Henry Hosmer

Personal information
- Born: April 7, 1837 Concord, Massachusetts
- Died: January 1, 1892 (aged 54) Chicago, Illinois

Chess career
- Country: United States
- Title: Master

= Henry Hosmer =

American chess player (1837–1892)

Henry Hosmer (April 7, 1837 – January 1, 1892) was a nineteenth-century American chess master. He is known to have played in only two significant chess tournaments: the Second and Third American Chess Congresses in 1871 and 1874.

==Chess career==
The first modern chess tournament was not held until London 1851, and few tournaments were held in the 1870s, Hosmer's heyday. He is known to have played in only two, the Second and Third American Chess Congresses. In the Second American Chess Congress, held in Cleveland in November 1871, Hosmer finished second, scoring 12 out of 16 possible points in a double round robin format, behind George Henry Mackenzie, who scored 14 points.

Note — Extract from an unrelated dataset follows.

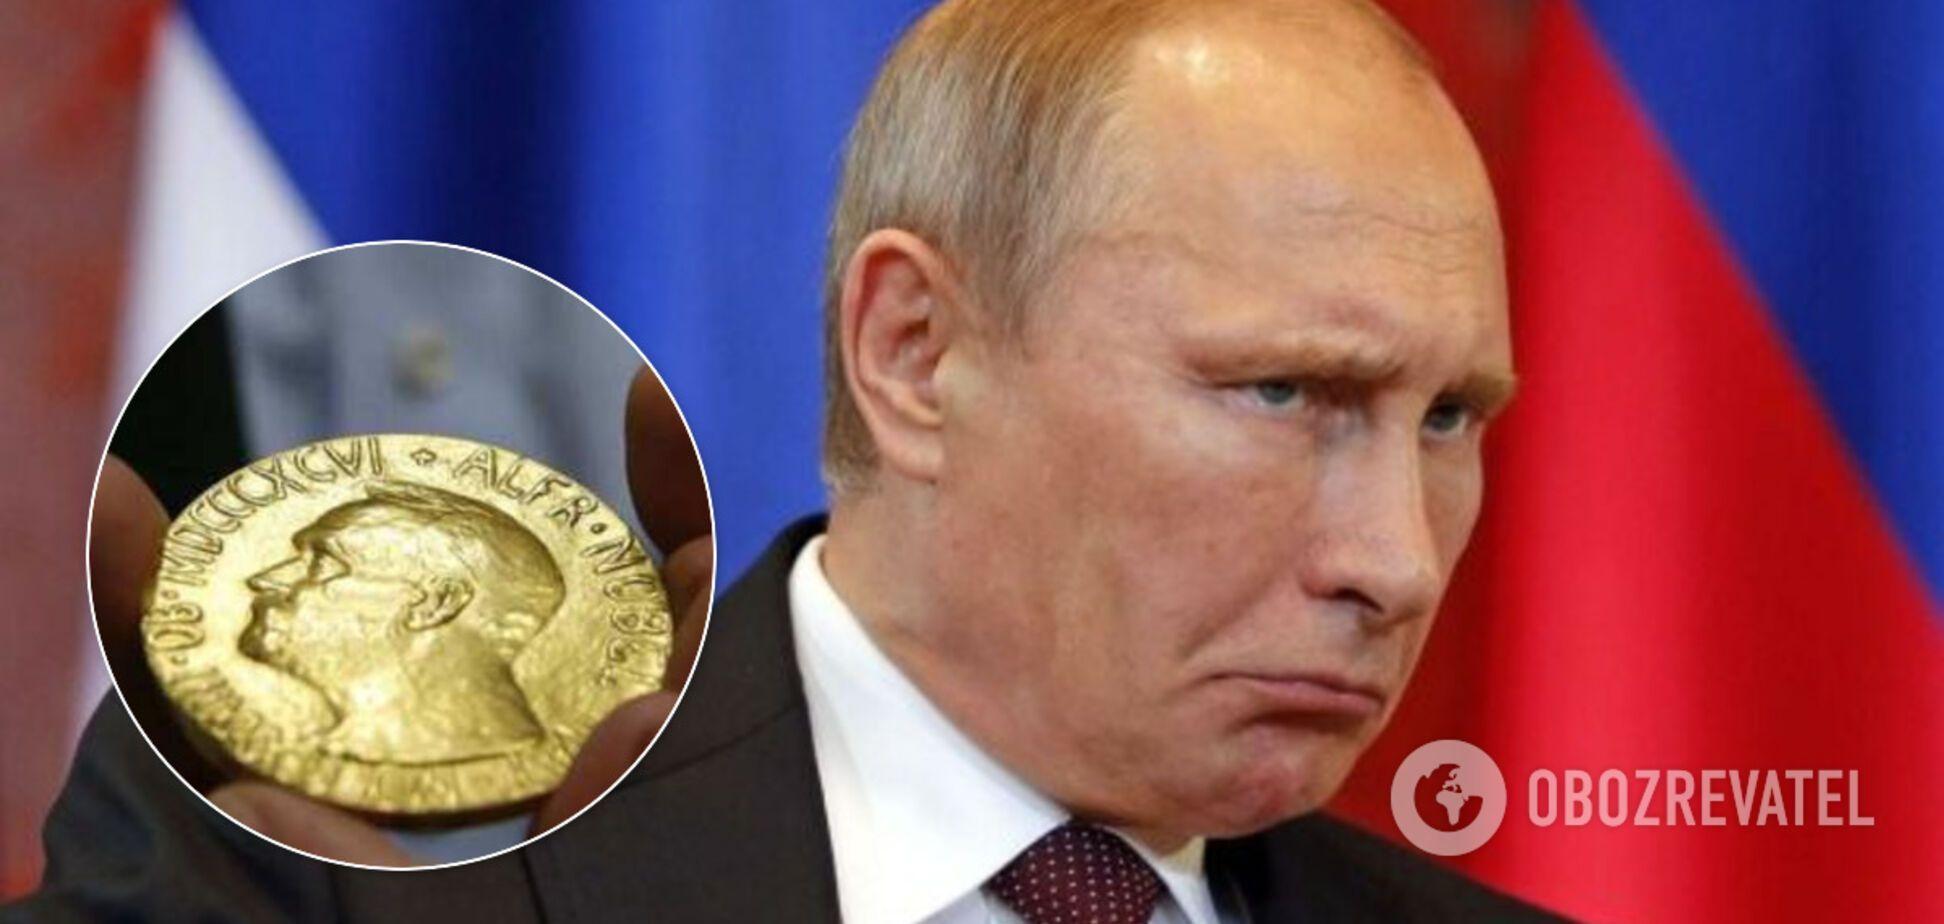 Розслідування про режим і 'кухаря' Путіна отримали Пулітцерівську премію: у Росії підняли паніку

In the Third American Chess Congress, held in Chicago in July 1874, Hosmer again finished second to Mackenzie, this time by only half a point: Mackenzie scored 8.5 of 10 possible points, while Hosmer scored 8 points. In both of the two tournaments, Mackenzie and Hosmer split their games, with each winning one of the two games; they also played a draw, which under the tournament rules did not count in the results, at the first tournament.

Edo Historical Chess Ratings estimates that Hosmer's rating following the Third American Chess Congress would have been 2504.